Manfredi’s other credits as a session singer—a singer hired specifically for recording sessions—include the films Frozen, Minions, and Big Hero 6.
In February 2020, mere weeks before COVID-19 shut down the world, Manfredi and the L.A. Master Chorale took part in the Los Angeles Philharmonic’s sessions for the recording Complete Symphonies of Charles Ives. It went on to win the Grammy Award for Best Orchestral Performance, and Manfredi can be heard on the first and fourth movements of Ives’ Fourth Symphony.
"Being a part of the Ives recording was such a thrill,” she says today. “The chorus part comes right at the end of the last movement, just a simple hymn tune, but of course it is what was so dear to Ives. So it’s a special moment to be included."
When the pandemic hit, Manfredi and the chorale were in Auckland, New Zealand, at the Auckland Arts Festival, for the Peter Sellars production of Orlando di Lasso’s Lagrime di San Pietro. The work narrates the seven stages of grief St. Peter experienced after disavowing Jesus before his crucifixion. Originally created in 2016, the production has since toured the world, including performances at the Salzburg Festival in Austria, Festival Internacional Cervantino in Guanajuato, Mexico, and the Barbican Centre in London.

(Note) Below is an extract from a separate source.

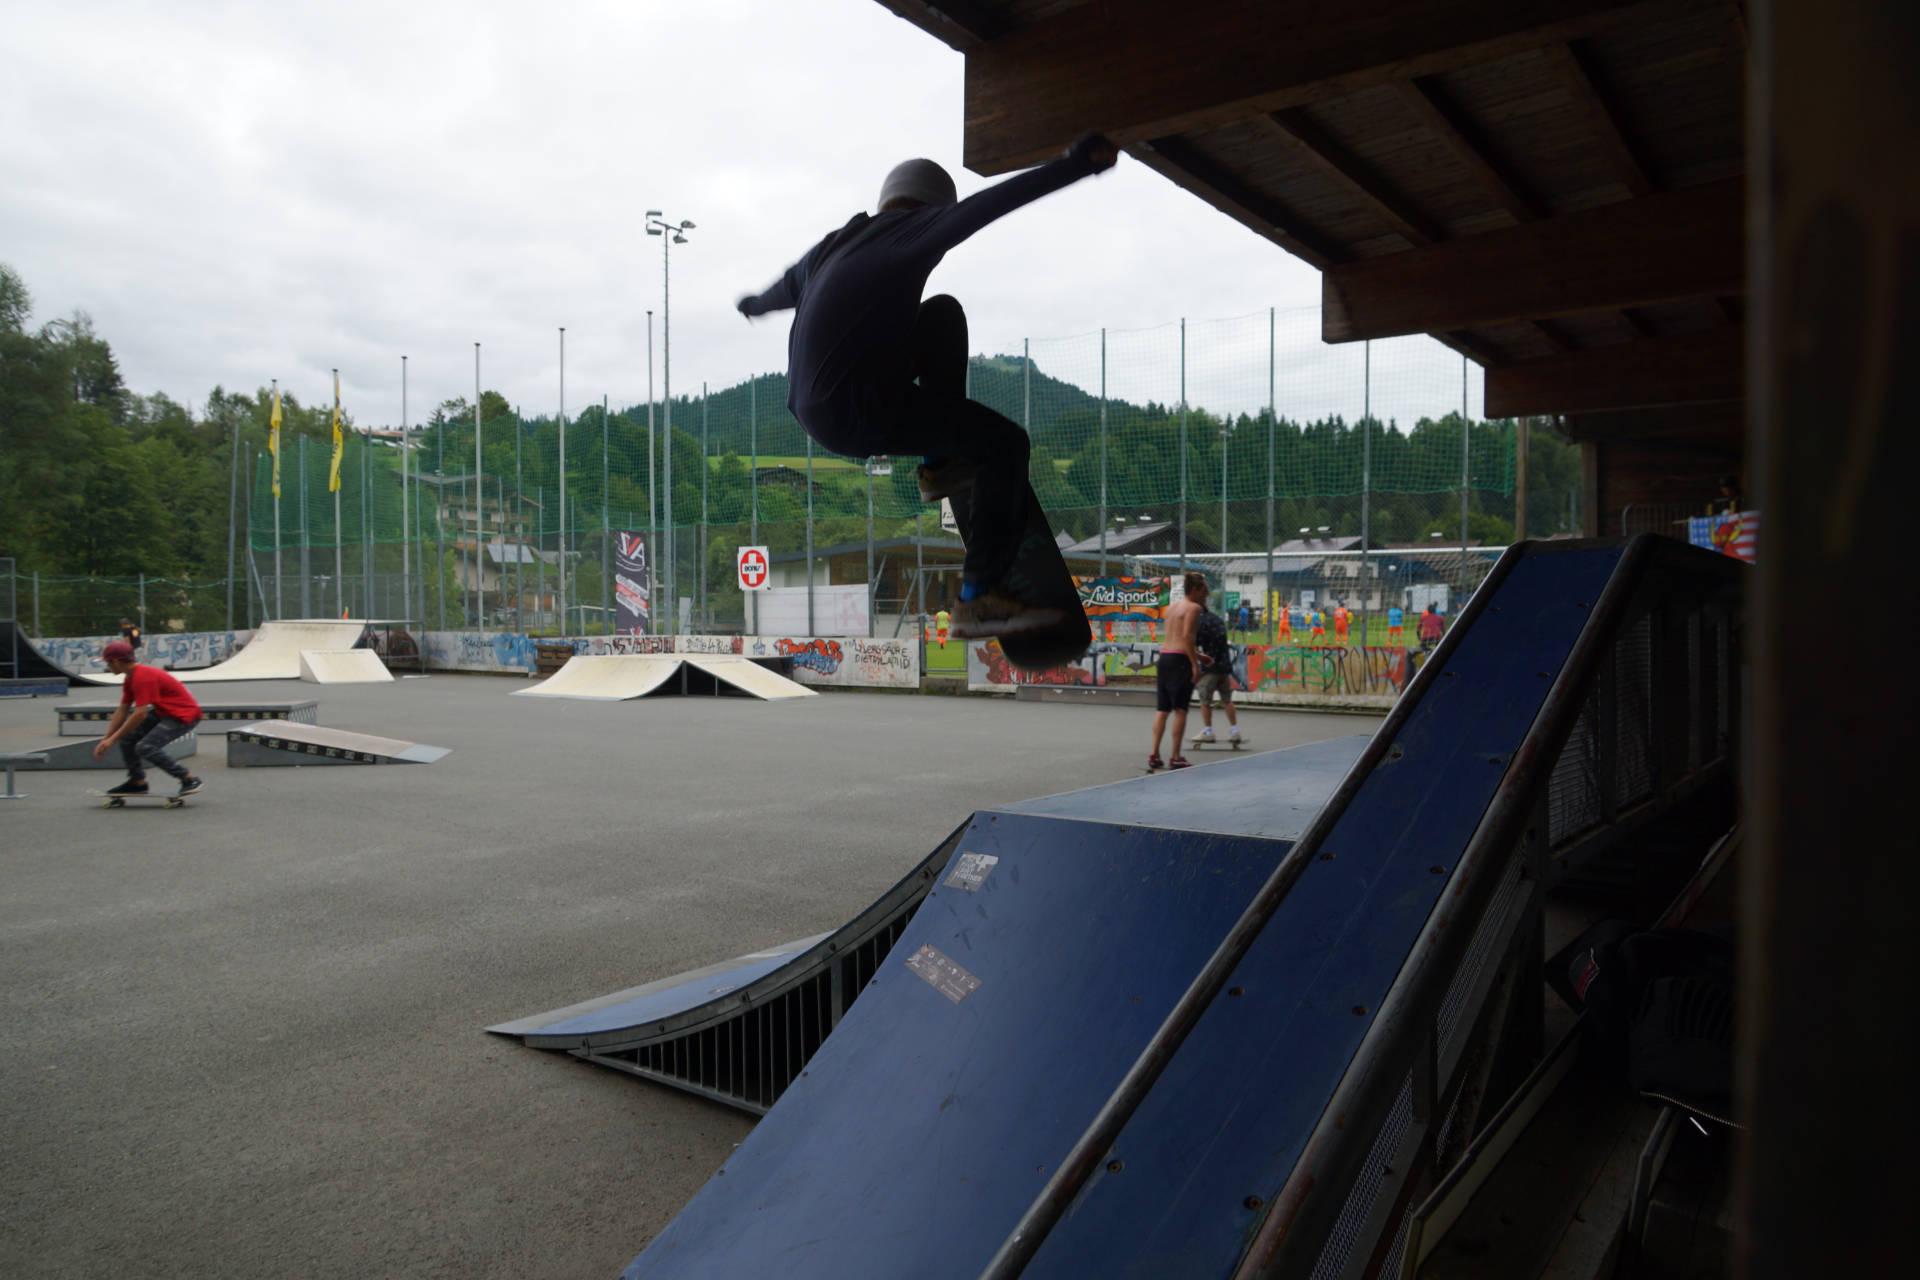 skateboardheadz fieberbrunn kgt 2019 finale 00026

“The piece is about the expressions of this incredibly human moment, and it’s what Peter does so well—bringing out the humanity of the text. It’s really a hybrid form: It’s very operatic, but we’re singing Renaissance tone. We’re all trained opera singers, but we all have to be versatile singers. What’s super-exciting is that the staging is so physical. We’re rolling on the ground, we’re throwing ourselves on the ground, running all over the place. It’s very extreme, physically; I ended up going back to train in dance just to keep being nimble. We all reinvigorated our physical routines.
“It was a huge challenge, but we’re so excited to get back to it!”

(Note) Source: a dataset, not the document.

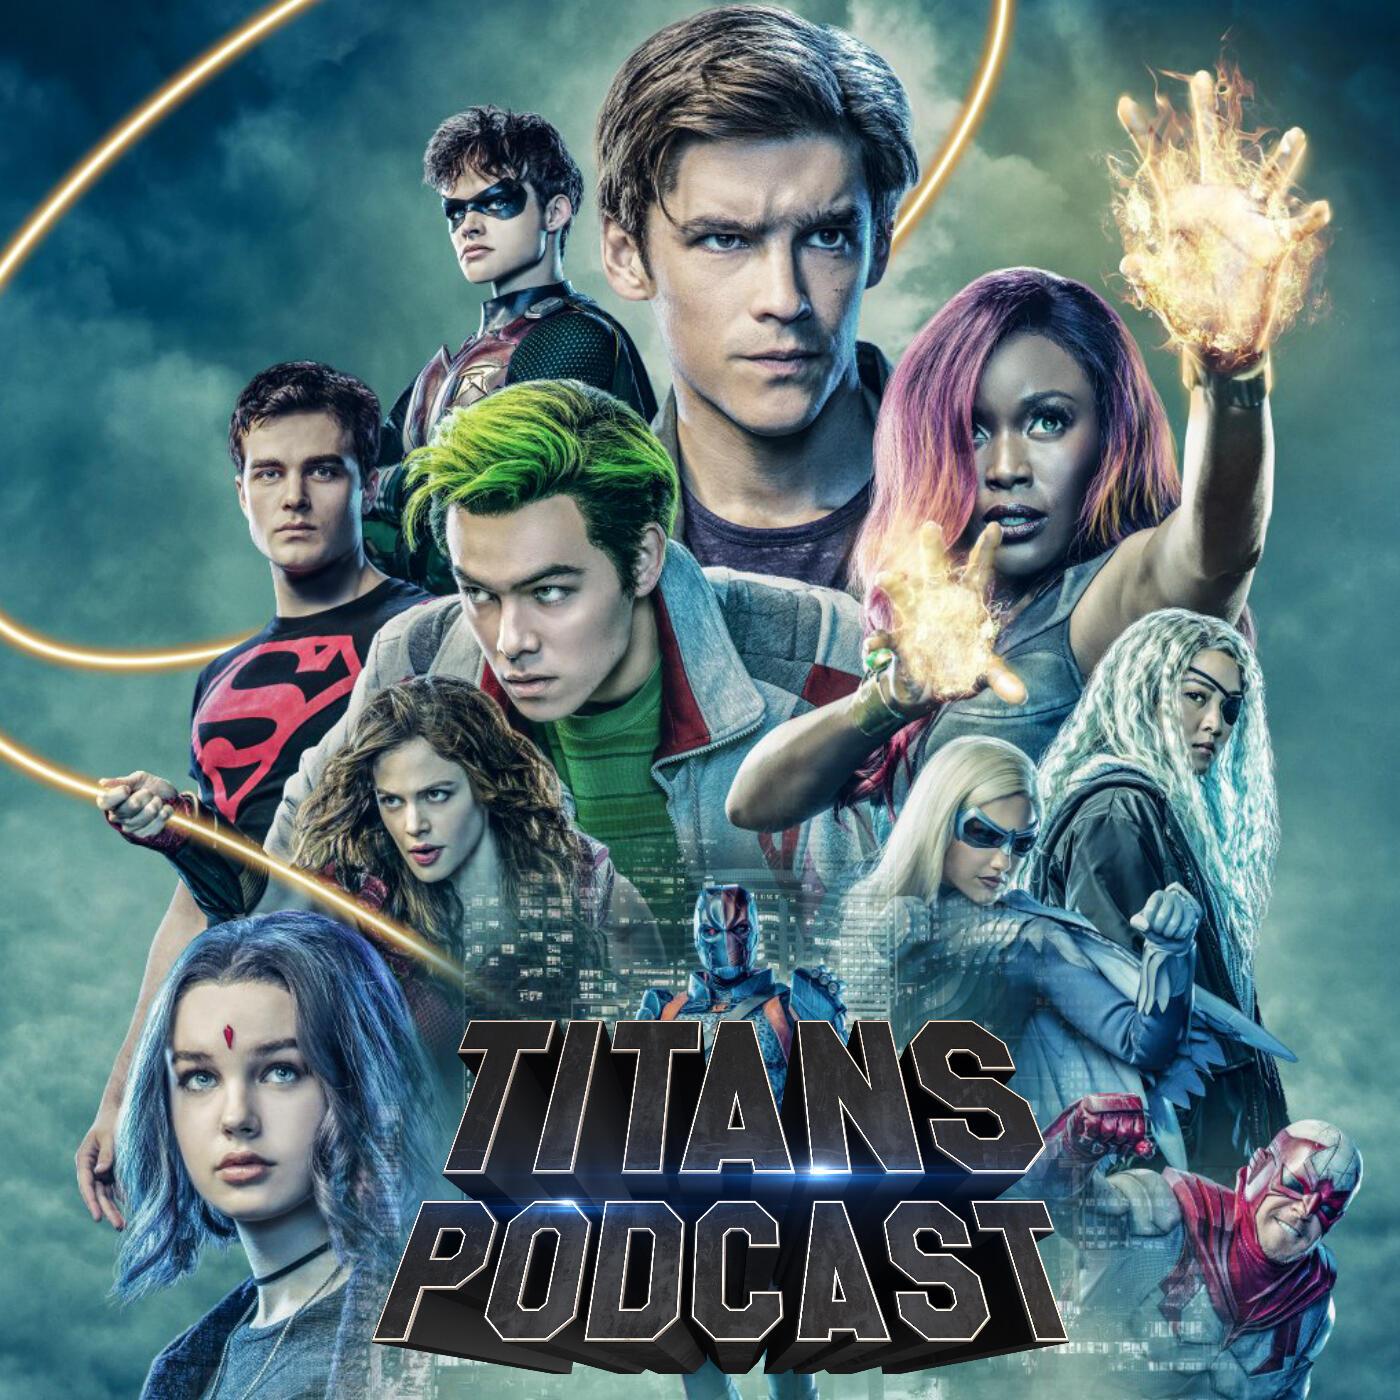 Titans Podcast

These days, Manfredi is focused on Inspired Music Play, an early childhood music education collective she cofounded with Kate Richards Geller, a music therapist and vocal improviser. The group promotes music education for the “little-littles,” as Manfredi calls them—children ages 6 and under.
“Any kid who studies an instrument, you bet they had musical experiences when they were 0 to 6. It doesn’t just start when you go to first grade. It’s also that play and interactive element, rather than just Oh, we play the classical music station in the background. That’s stage one. It’s more Hey, we’re going to improv warm-ups! To just have that vocabulary. That play vocabulary, that improv vocabulary. And then the movement vocabulary. It’s all related to brain function, but it also lays the foundation for wherever they’re going to go in their artistic lives, and just their lives to begin with.”
This understanding of music as a lifelong pursuit shapes Manfredi’s advice for young singers.
“Know that your musicality is for your whole life, and you’re just beginning on your path,” she says. “Don’t talk yourself out of anything. If you feel moved to do something, there’s going to be a path for you. And there will be connections back to your Oberlin experience that you won’t even see until decades down the road, or when you become a parent, or when you get a really cool job and you see another Obie there.
“The Oberlin experience is not finite at all. It’s planting seeds for the rest of your life.”
Charlotte Maskelony graduated from Oberlin Conservatory in spring 2021 with a degree in vocal performance. As a student, she wrote for the Office of Conservatory Communications.